Mark Hardwick and the team have run First Merchants with a conservative credit culture, consistent dividend growth, and steady organic expansion. Capital allocation prioritizes the dividend and measured branch investment. The main test is navigating the current rate cycle and any regional credit stress.

Industry trend

Regional banks face net interest margin pressure from the rate cycle, competition from larger institutions and fintechs, and regulatory costs. The industry also benefits from long-standing customer relationships, deposit inertia, and the essential nature of community-based lending in markets where national banks have less presence.

Valuation and margin of safety

At $43.10, FRME trades near the audited base case value of $45.80 and near tangible book value of about $42 per share. The dividend yield of 3.4% provides a partial return floor. Margin of safety is moderate: valuation is not distressed, but earnings normalization after the Q1 2026 miss could take several quarters.

Source-backed data

FRME Data Table

Every metric below includes a source and last verification date.

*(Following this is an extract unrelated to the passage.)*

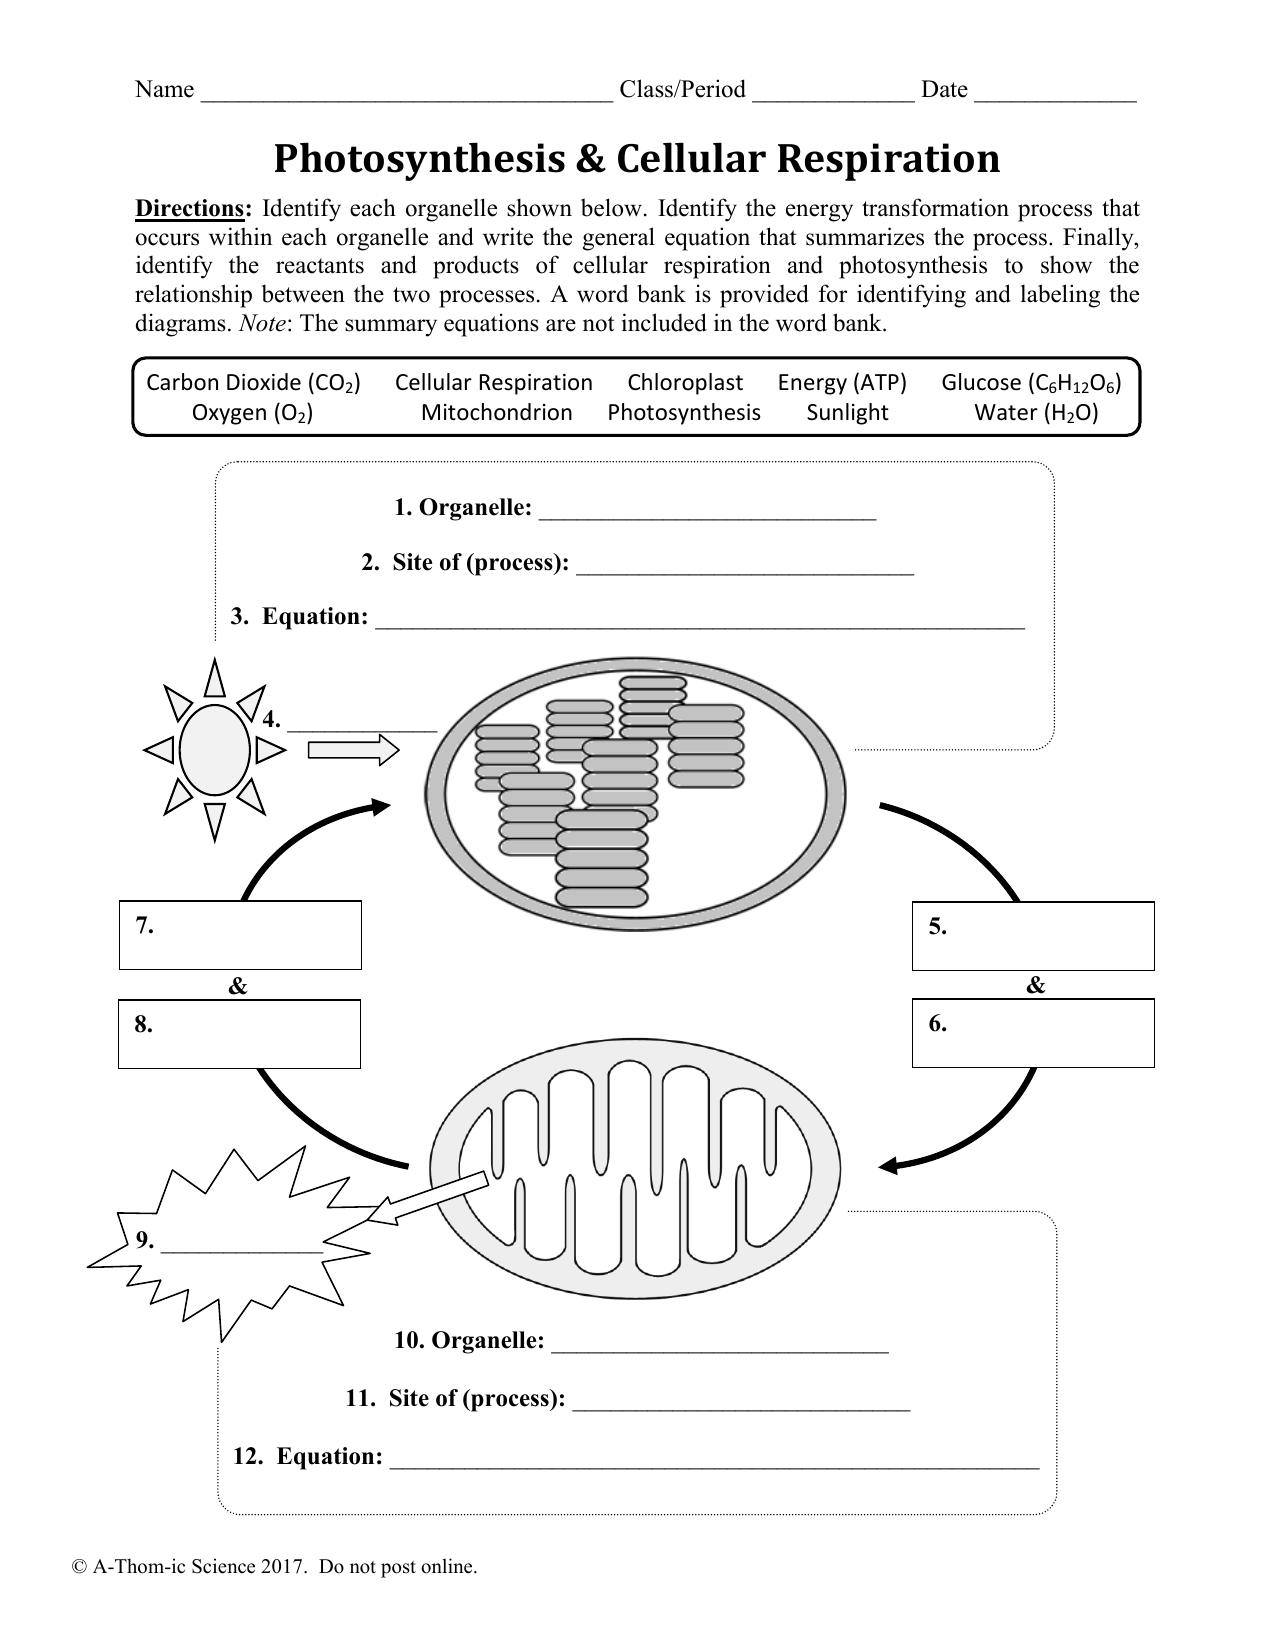 Photosynthesis and Cellular Respiration Worksheet Pertaining To Photosynthesis Diagrams Worksheet Answers

MetricValueSourceLast verified
FRME quote referenceAbout $43.10 close near the July 13, 2026 cutoffTradingView, Barchart, and Yahoo Finance FRME overviewJuly 13, 2026
Market capitalization verification$2.72 billion calculated from $43.10 x 63.0 million shares; tool deviation versus reported $2.72B was 0.03%Pineify financial_rigor.py, Barchart, and TradingViewJuly 13, 2026
Shares outstandingAbout 63.02 million shares on Barchart; about 63.10 million diluted from market cap math, a 0.06% source gap confirmed as inconsequentialBarchart and TradingView market cap dataJuly 13, 2026
FY2025 revenue and net incomeFY2025 revenue about $661 million; net income about $226 million; GAAP diluted EPS about $3.59TradingView Fundamentals and Barchart financial summaryJuly 13, 2026
TTM revenue and GAAP EPSTTM revenue about $638 million; TTM GAAP EPS about $3.39; trailing PE near 12.7xYahoo Finance key statistics. Note: Barchart shows TTM EPS of $3.98, the gap may reflect different treatment of Q1 2026 provision or non-GAAP adjustments.July 13, 2026
Q1 2026 earnings resultsQ1 2026 revenue $193.28 million; GAAP net income $28.16 million; GAAP EPS $0.45 versus $0.89 consensus estimate, a 49% miss partly due to elevated provision expenseTradingView earnings data and Barchart financial summaryJuly 13, 2026
Book value and tangible book valuePrice-to-book ratio near 1.03x on Yahoo Finance, implying tangible book value near $41.84 per shareYahoo Finance key statisticsJuly 13, 2026
Dividend and yieldAnnual dividend of $1.48 per share, paid quarterly at $0.37 per share. Forward yield of 3.41% to 3.48% depending on source. Payout ratio in the mid-30% range against FY2025 EPSYahoo Finance, Barchart, and TradingView dividend dataJuly 13, 2026
Balance sheet and liquidityTotal cash of about $321 million; total assets of about $21 billion; conservative loan-to-deposit ratio typical for Midwest regional banks; debt-equity not reported as material for this traditional bankYahoo Finance balance sheet summaryJuly 13, 2026
Analyst ratingsPiper Sandler rates Overweight with a $51 price target (raised from $49 in June 2026). Consensus Moderate Buy from 7 analysts with average target near $48Yahoo Finance analyst data and Barchart analyst ratingsJuly 13, 2026
Technical indicatorsPivot support near $42.55 and $42.00; resistance near $43.82 and $44.37; 52-week high at $44.59; 52-week low at $34.66; beta of 0.84Barchart cheat sheet and Yahoo Finance statisticsJuly 13, 2026
Q2 2026 earnings dateScheduled for release on July 22, 2026, after market closeBarchart earnings estimates and Nasdaq event dataJuly 13, 2026

Frequently Asked Questions

This FRME AI stock analysis is an informational research tool only and is not investment advice, tax advice, or a recommendation to buy or sell any security. Forecast scenarios are based on available public data as of July 13, 2026, and can be wrong if First Merchants execution, net interest margin, credit quality, loan growth, Midwest economic conditions, regulation, competition, or market valuation changes.